In vitro studies of UDP-glucuronosyltransferase (UGT) inhibition: In vitro studies indicated that clinical drug-drug interactions as a result of lorlatinib-mediated inhibition of the metabolism of substrates for UGT1A4, UGT1A6, UGT1A9, UGT2B7, and UGT2B15 are unlikely to occur. In vitro studies indicated that lorlatinib is an inhibitor of UGT1A1 and that it activates PXR, with the net effect in vivo being weak UGT induction.
In vitro studies indicated that clinical drug-drug interactions as a result of inhibition by the major lorlatinib circulating metabolite of substrates for UGT1A1, UGT1A4, UGT1A6, UGT1A9, UGT2B7, and UGT2B15 are unlikely to occur.
In vitro studies with drug transporters: In vitro studies indicated that clinical drug-drug interactions as a result of lorlatinib-mediated inhibition of breast cancer resistance protein (BCRP, systemically), multidrug and toxin extrusion protein (MATE)2K, organic anion transporter (OAT)1, and organic cation transporter (OCT)2 are unlikely. In vitro studies indicated that lorlatinib is an inhibitor of P-glycoprotein (P-gp) and that it activates PXR, with the net effect in vivo being moderate induction. Lorlatinib may have the potential to inhibit BCRP (GI tract), OATP1B1, OATP1B3, OCT1, MATE1, and OAT3 at clinically relevant concentrations.
In vitro studies indicated that clinical drug-drug interactions as a result of inhibition by the major lorlatinib circulating metabolite of substrates for P-gp, BCRP, OATP1B1, OATP1B3, OAT1, OAT3, OCT1, OCT2, MATE1, and MATE2K are unlikely to occur.

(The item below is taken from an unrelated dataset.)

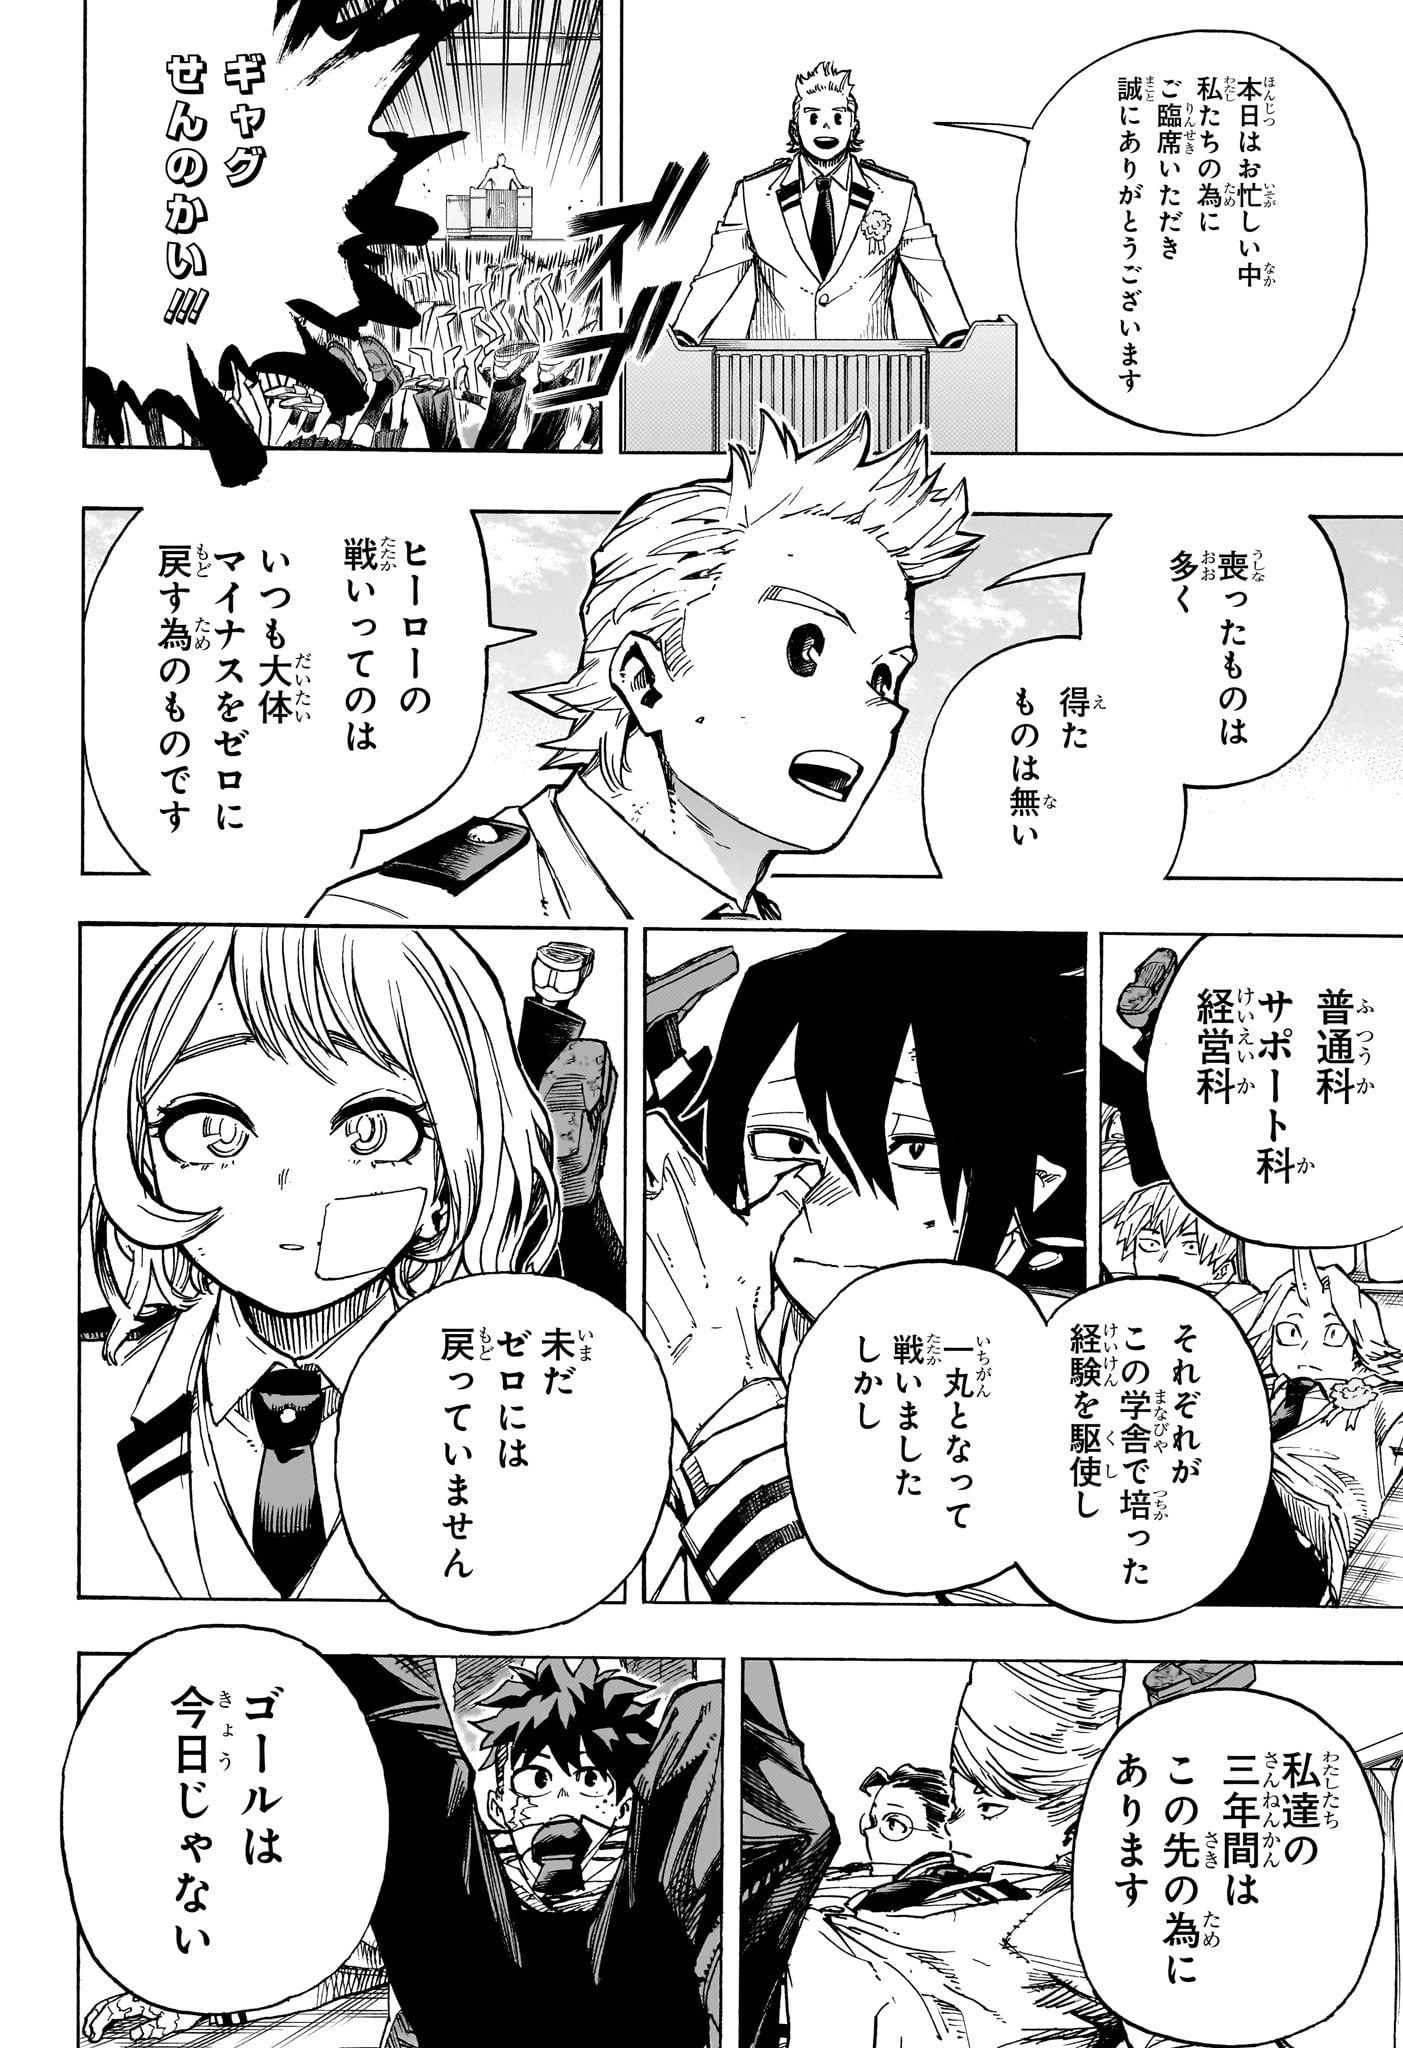 Boku no Hero Academia - Chapter 425 - Page 4

In vivo studies with drug transporters: A drug interaction study conducted in NSCLC patients indicated that lorlatinib is a moderate inducer of P-gp. P-gp substrates with narrow therapeutic index (e.g., digoxin) should be used with caution in combination with lorlatinib due to the likelihood of reduced plasma concentrations of these substrates.